Subsequent studies expanded EISA-based approaches to include organic–inorganic nanocomposites, ordered nanoparticle–silica arrays, optically responsive nanopores, and low-dielectric mesoporous films. EISA-based methods have since been applied in the fabrication of membranes, sensors, low-dielectric materials, and nanocomposites across materials science and nanotechnology.

From the late 2000s onward, Brinker’s research increasingly addressed nano–bio interfaces and applications in nanomedicine. This work included the development of mesoporous silica nanoparticles encapsulated by supported lipid bilayers, commonly referred to as protocells, designed for the delivery of therapeutic and diagnostic cargos. Such systems have been investigated for applications in cancer therapy, vaccine delivery, and biosensor development.

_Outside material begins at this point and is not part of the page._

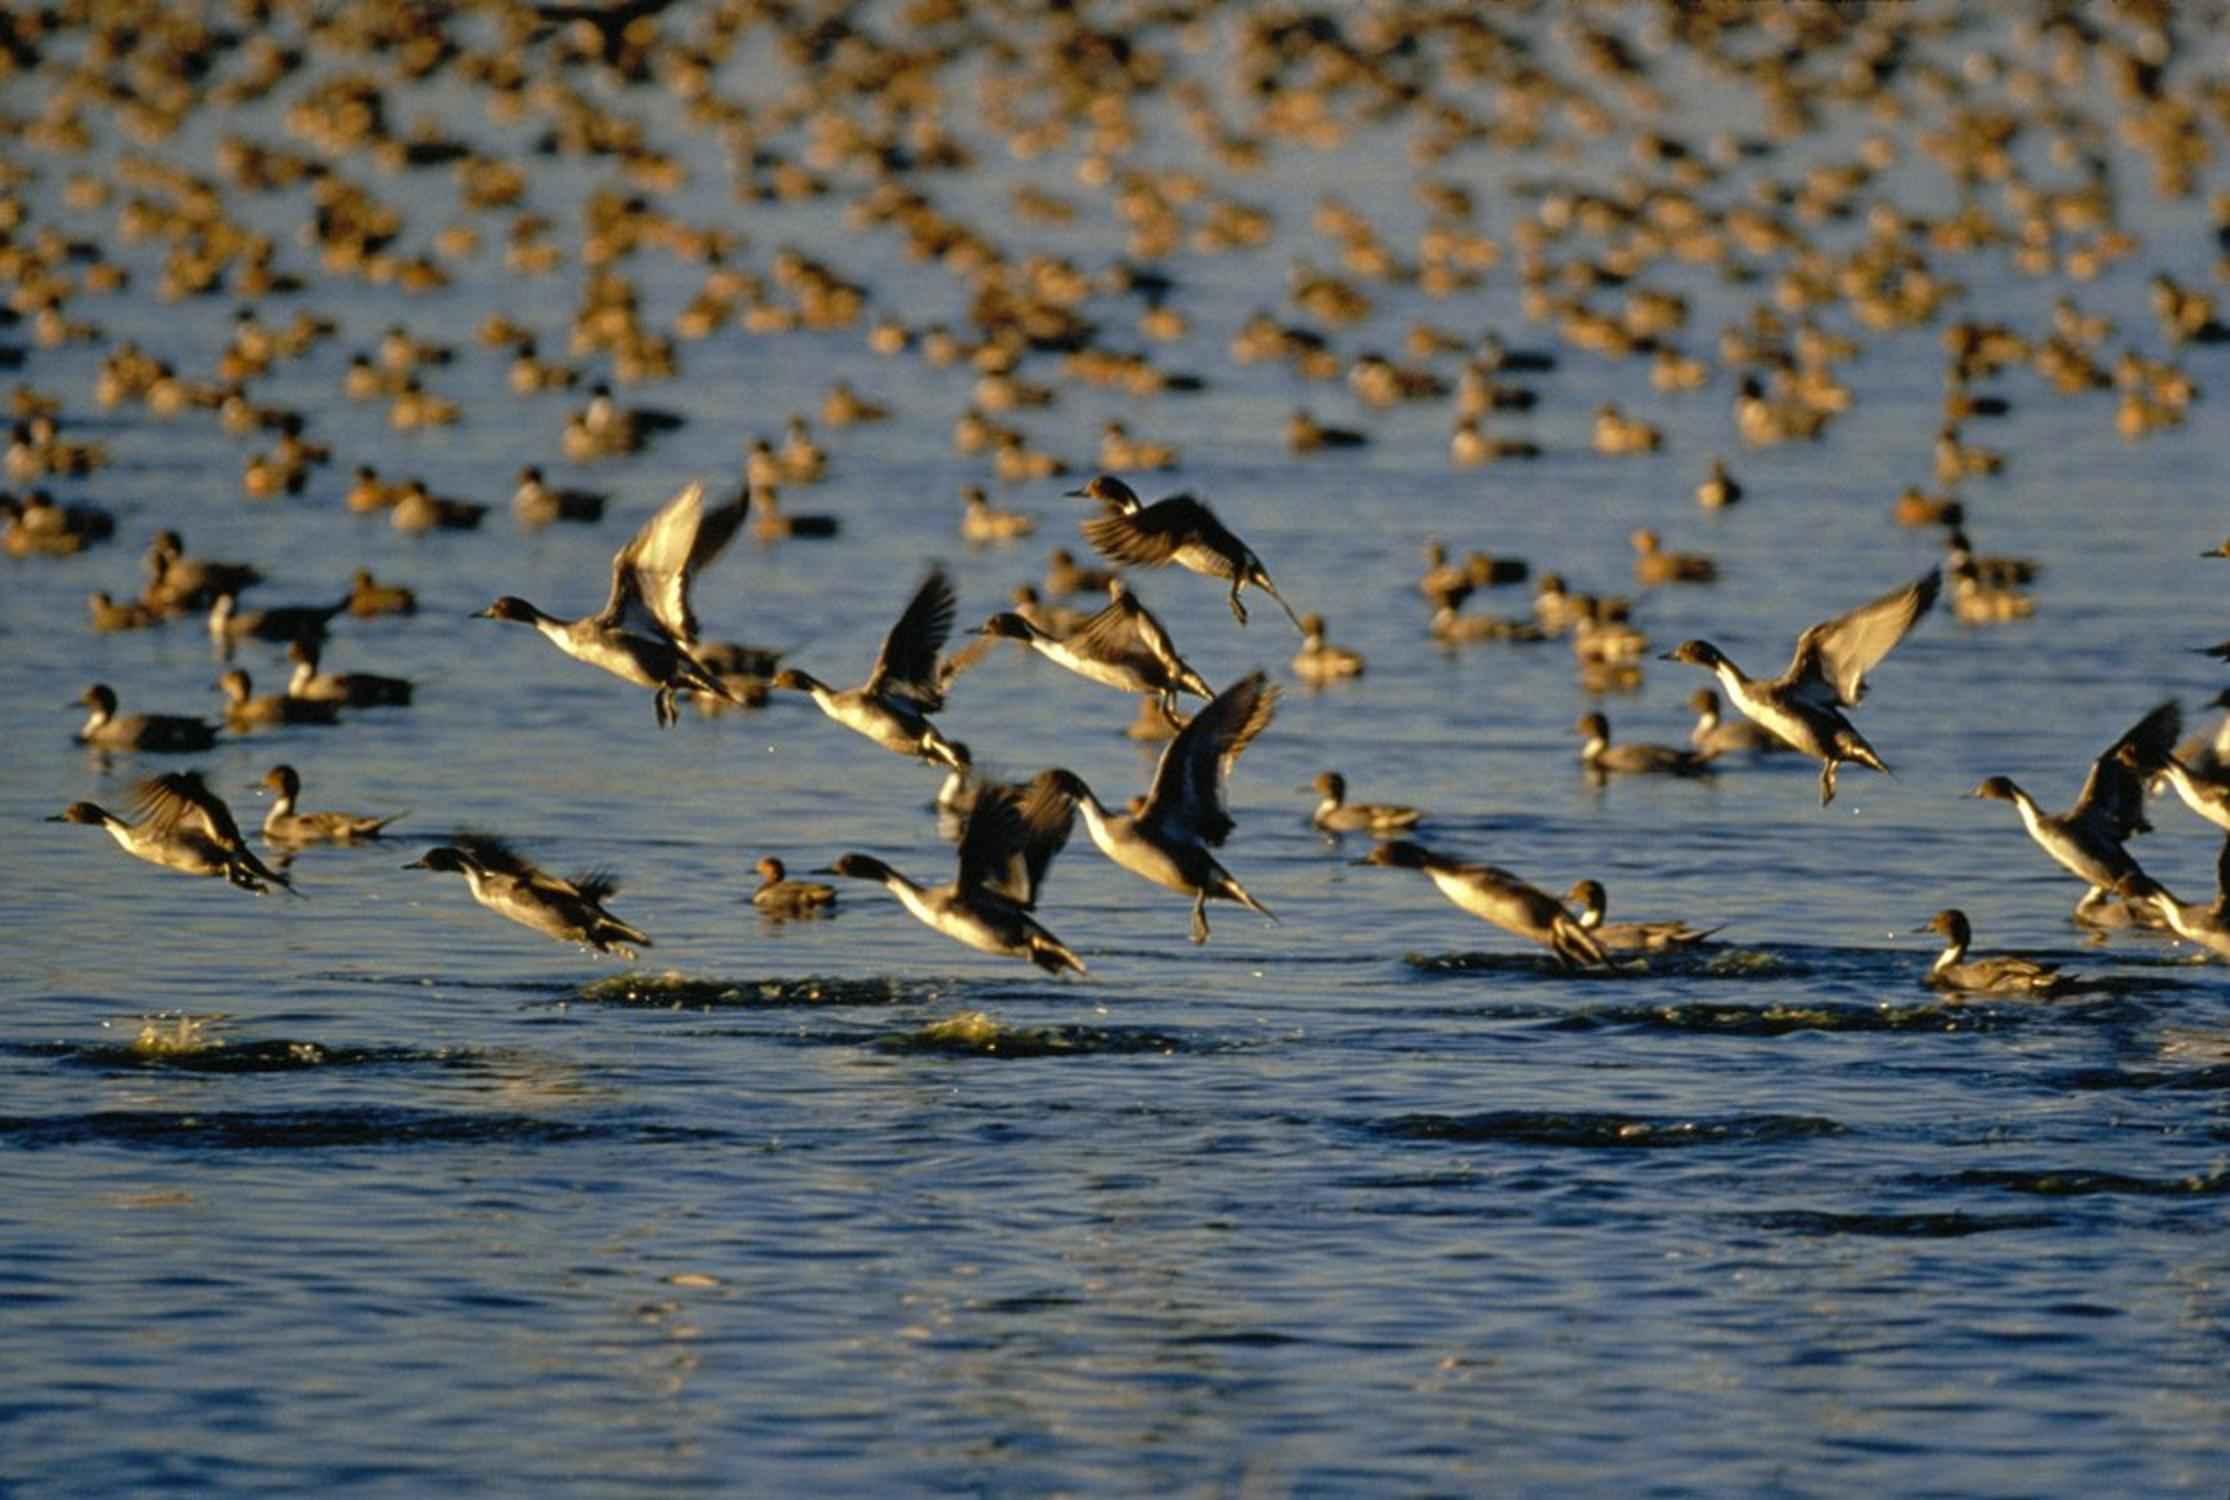 Free picture: wild, ducks, flock, flying, water  Flock

== Selected honors and awards ==
- W. H. Zachariasen Award for best contribution to the glass literature (1988), Journal of Non-Crystalline Solids
- Fellow, American Ceramic Society (1990)
- Elected to the National Academy of Engineering (2002)
- Ernest Orlando Lawrence Award, U.S. Department of Energy (2002)
- Materials Research Society Medal, Materials Research Society (2003)
- Edward R. Orton Jr. Memorial Award, American Ceramic Society and ASM International (2008)
- Fellow of the Materials Research Society (2009)
- Robert B. Sosman Award, American Ceramic Society (2010)
- Elected to the Board of Directors, Materials Research Society (2014)
- University of New Mexico STC Innovation Fellow Award (2015)
- UNM Presidential Medal of Distinction, University of New Mexico (2015)
- Elected to the National Academy of Inventors (2015)
- Lifetime Achievement Award, International Sol-Gel Society (2017)
- Elected to the American Academy of Arts and Sciences (2018)
- Elected to the National Academy of Sciences (2021)

== Books ==
- Brinker, C. J.; Clark, D. E.; Ulrich, D. R. (eds.). Better Ceramics Through Chemistry. North-Holland, 1984.
- Brinker, C. J.; Clark, D. E.; Ulrich, D. R. (eds.). Better Ceramics Through Chemistry II. Materials Research Society, 1986.
- Brinker, C. J.; Clark, D. E.; Ulrich, D. R. (eds.). Better Ceramics Through Chemistry III. Materials Research Society, 1988.
- Brinker, C. J.; Scherer, G. W. Sol-Gel Science: The Physics and Chemistry of Sol-Gel Processing. Academic Press, San Diego, 1990.
- Brinker, C. J.; Clark, D. E.; Ulrich, D. R. (eds.). Better Ceramics Through Chemistry IV. Materials Research Society, 1990.
- Brinker, C. J.; Clark, D. E.; Ulrich, D. R. (eds.). Better Ceramics Through Chemistry V. Materials Research Society, 1992.
- Brinker, C. J.; Clark, D. E.; Ulrich, D. R. (eds.). Better Ceramics Through Chemistry VI. Materials Research Society, 1994.
- Brinker, C. J. (co-author). Nanotechnology Research Directions for Societal Needs in 2020: Retrospective and Outlook. Springer, 2010.